As in solid organ transplant, where organ allocation is based on need, a similar strategy could be used for distributing CAR T-cell therapy for patients with multiple myeloma. At present, there are more than 200 Foundation for the Accreditation of Cellular Therapy (FACT)approved centers in the United States capable of administering CAR T cells. The restriction of CAR T-cell therapy to select, high-profile centers, some within miles of each other, when other states do not have any is indefensible.
FACT-approved centers should be geographically organized to cover a maximum number of patients with monthly virtual meetings. This way, CAR T products can become available to individuals most in need and who likely have fewer treatment options. Tumor board type allocation of treatment nearer to the patient’s home would certainly be more equitable than awarding treatment slots based on the number of patients entered onto the manufacturer’s protocol, a strategy that lacks transparency and accountability.
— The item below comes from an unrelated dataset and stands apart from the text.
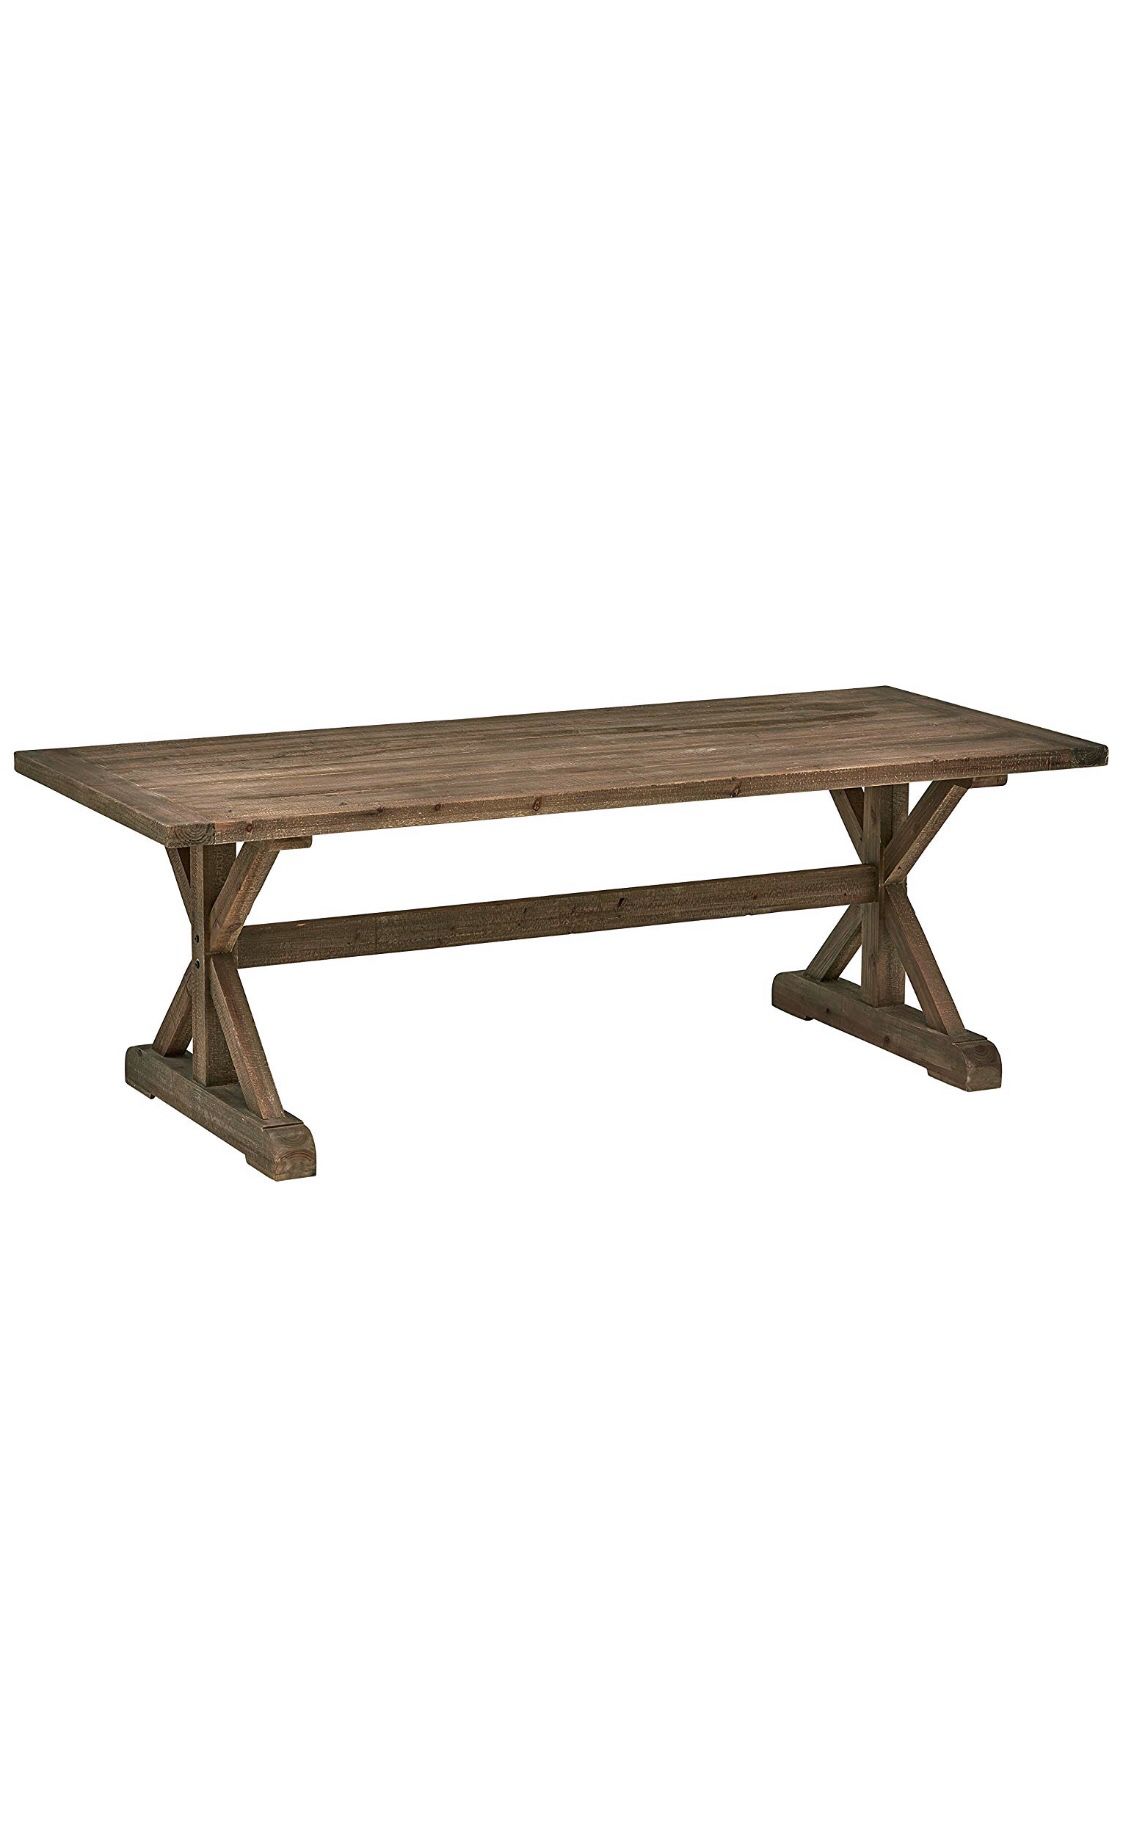 Solid Wood Rustic Farmhouse Dining Table

In this regard, perhaps the greatest value of high-volume myeloma centers is to offer treatments in clinical trials that cannot be offered in the community, such as non-BCMA bispecific antibodies, non-BCMA CAR T-cell therapies, next-generation cereblon E3 ligase modulators,14 and other new exciting agents such as modakafusp alfa, a fusion protein that targets interferon, the proinflammatory hormone used to treat viral infections and other cancers to cells that have the surface marker, CD38.15 Such strategies could at least temporize worsening disease without jeopardizing the subsequent response to CAR T therapy.
CAR T-cell therapy is a hugely important therapeutic option for patients with multiple myeloma, but if this treatment is not accessible, it may as well not exist.
We need to mitigate deadly disparities in cancer care and start by rethinking how designated centers are assigned CAR T products. By establishing a comprehensive and equitable way to obtain and administer CAR T, we can start eliminating pervasive inequities. Without establishing accountability for the pharmaceutical industry and others, access to lifesaving treatments will become even harder. Access to a lifesaving treatment cannot just be a matter of being in the right place at the right time.
Mendel Goldfinger, MD, is a medical oncologist at Montefiore Einstein Cancer Center and assistant professor of medicine at Albert Einstein College of Medicine in the Bronx, New York.
Nishi Shah, MD, is an attending physician at Montefiore Einstein Cancer Center and an assistant professor at Albert Einstein College of Medicine.
Dennis L. Cooper, MD, is chief of Bone Marrow Transplantation at Montefiore Einstein Cancer Center and professor of medicine at Albert Einstein College of Medicine.